決して許されないことをした、取り返しのつかないことを。
このまま悪夢に犯されて、死ぬのがいい。
もう、生きるのには疲れた。
『本当にそれでいいの?』
構わない。私は死ぬべき人間だ。
『死んだ方がいい人間なんてこの世界にいない。君がそう望んでいるだけだろう?』
もう無理なんだ。
こんな世界で生きるなんて。
私には...できない。
『君には君を思うひとがいるでしょう?彼の言葉が分かるのなら、彼が何を望んでいるか分かるはずだよ。そしてそれは、君が死ぬことなんかじゃない』
...彼の...望み...?
『確かに生きることは苦しいよ、辛いよ、悲しいよ。でも、それでも!きっとその先に光があるはずだよ。彼は君に生きていて欲しいだけなんだよ』
...違う...私は...死ななくては...。
『君のしてきたことは決して許されることじゃない。でも...だからこそ!生きて、生きて、生きて!生き続けて償わなくちゃいけないんだよ。奪ってきた人達のために、悲しませた人達のために。何より、君を愛している彼のために』
聞いたことのない青年の声だった。
しかし、私はその声の主を確かに知っていた。
あどけなくて頼りなくて温かくて優しい、その声を...。
『絶望に心を委ねてしまわないで。死ぬことを望んだりしないで。

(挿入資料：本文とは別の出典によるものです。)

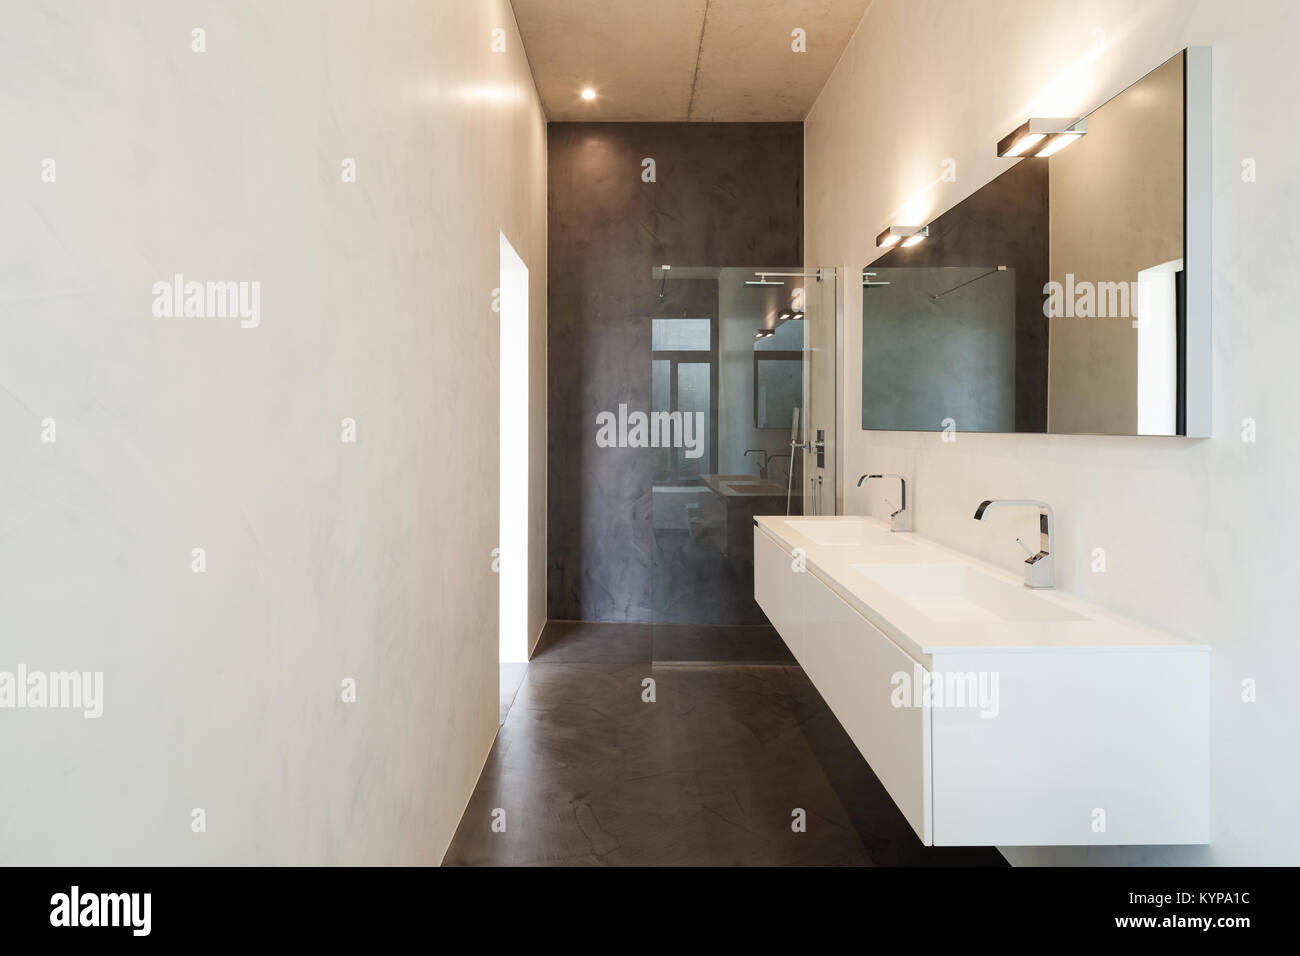 Intérieur de l'appartement, une salle de bains moderne avec douche et lavabo Banque D'Images

君が与えるものも、救うものも、優しくしたものも、いつかきっと意味を持つから。返ってくるから。だから、どうか生きることを諦めないで、カイくん』
その言葉にハッとして私は思わず顔を上げた。
すると、そこには暗闇に浮かぶ一つの炎があった。
どこか懐かしくて温かいその炎は、見ているだけで胸の中に熱く火を灯した。
重い身体が嘘のように軽く、立ち上がることもできた。
私はそれに少し戸惑いながらも、決してその炎から目を離すことはせず、見つめ続けた。
『君が諦めない限り、炎は必ず現れる。君の心を灯し、勇気を与え、光の道標となる炎が。怖いものなんてない。君は一人ぼっちじゃない。迷わないで、手を伸ばして』
炎が私の心に語り掛けてくる。
私はその言葉に一切の疑いを持つこともなく、ゆっくりと力強く手を伸ばした。
その瞬間、炎へと伸ばした私の手を誰かが力強く掴んだ。
そしてそのまま、私の身体を勢いよく引っ張った。
ーーーーー パリィィイインッ...!
暗闇から無理矢理飛び出たことで、再び空間が割れる。
大きな音と共に崩れゆく黒い世界。
その後ろには全く反対の白い世界が広がっていた。
「よっしゃ!やっと見つけた!」
そう言って私の身体を手繰り寄せたのは、美しい白髪に眼帯をした、透明な瞳を持つ男だった。